Definition of convergent, can the N change if I change to another $\epsilon$

Question

I’m having problems with the definition of converging sequence. In my lecture note, the definition is: a real sequence $a_n$ converges to the limit a if for all $\epsilon>0$ there exist a natural number N such that $|a_n-a|<\epsilon$ for all n>N I notice that convergence needs to satisfy for all $\epsilon$, but my question is: if I change my $\epsilon$, can my N change accordingly? Or it has to be no matter how I choose my $\epsilon$, the N after which my sequence is infinitely close to a is always that same N?

I hope I make myself clear. Thank you!

Answer 1

There are already perfectly valid answers. However, I will add something which OP might find useful.

I find thinking about this in terms of agents much more intuitive. Imagine this as a game with two players: you and your opponent. You are tying to prove that the sequence converges to a limit $a$, your opponent would like this to be false. The game is played as follows: Your opponent gives you an $\epsilon$ and you try to find an $N$ such that for all sequence elements after that $N$ the absolute value of the difference between all sequence elements following $N$ and $a$ is smaller than the $\epsilon$ your opponent has given you. Note that this is indeed the definition of convergence.

Practically, it is in your opponent best interest to give you the smallest $\epsilon$ possible; e.g. $0.000000000001$. However, you are always allowed to find a new $N$ such that the absolute value of the difference between all following sequence elements and $a$ is smaller than $\epsilon$. And if you can do this, no matter what $\epsilon$ he gives you, than you have effectively proven that the sequence converges.

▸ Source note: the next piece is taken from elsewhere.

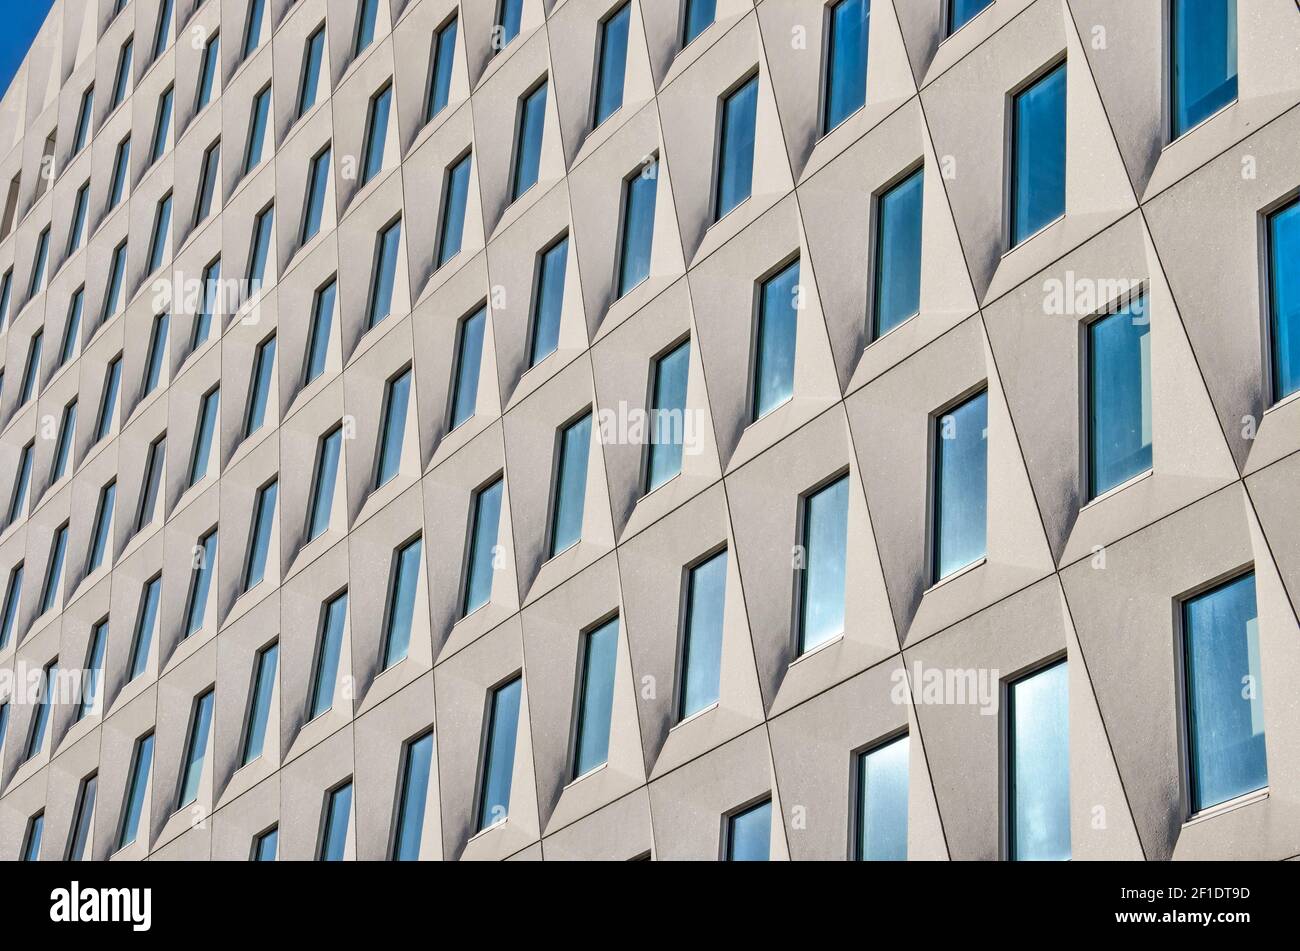 The Hague, The Netherlands, February 13, 2021: the facade of the apartments and municipal offices at Layweg, with trapezoid prefab concrete elements Stock Photo

Therefore, to answer your question again. Yes, you can indeed change the $N$ if you change the $\epsilon$, that is literally the game your are playing.

Answer 2

Please don't write or think something like

the $N$ after which my sequence is infinitely close to $a$

The whole point of the fancy definition for "convergent" is to avoid saying " "infinitely close".

Think instead that

you can make the terms of the sequence as close as you like to $a$ as long as you look far enough out in the sequence.

How far out you have to look (that's beyond $N$) depends on how close you'd like to be (that's $\epsilon$). So $N$ will depend on $\epsilon$.

Answer 3

Yes, the $N$ is allowed to change. That is why it comes ‘after’ the $\epsilon$ in that sentence. In general, things appearing later on in a sentence depend on the stuff before.

If I wanted to say the $N$ is not allowed to depend on the $\epsilon$, then I should write “there is an $N$ such that for all $\epsilon$…”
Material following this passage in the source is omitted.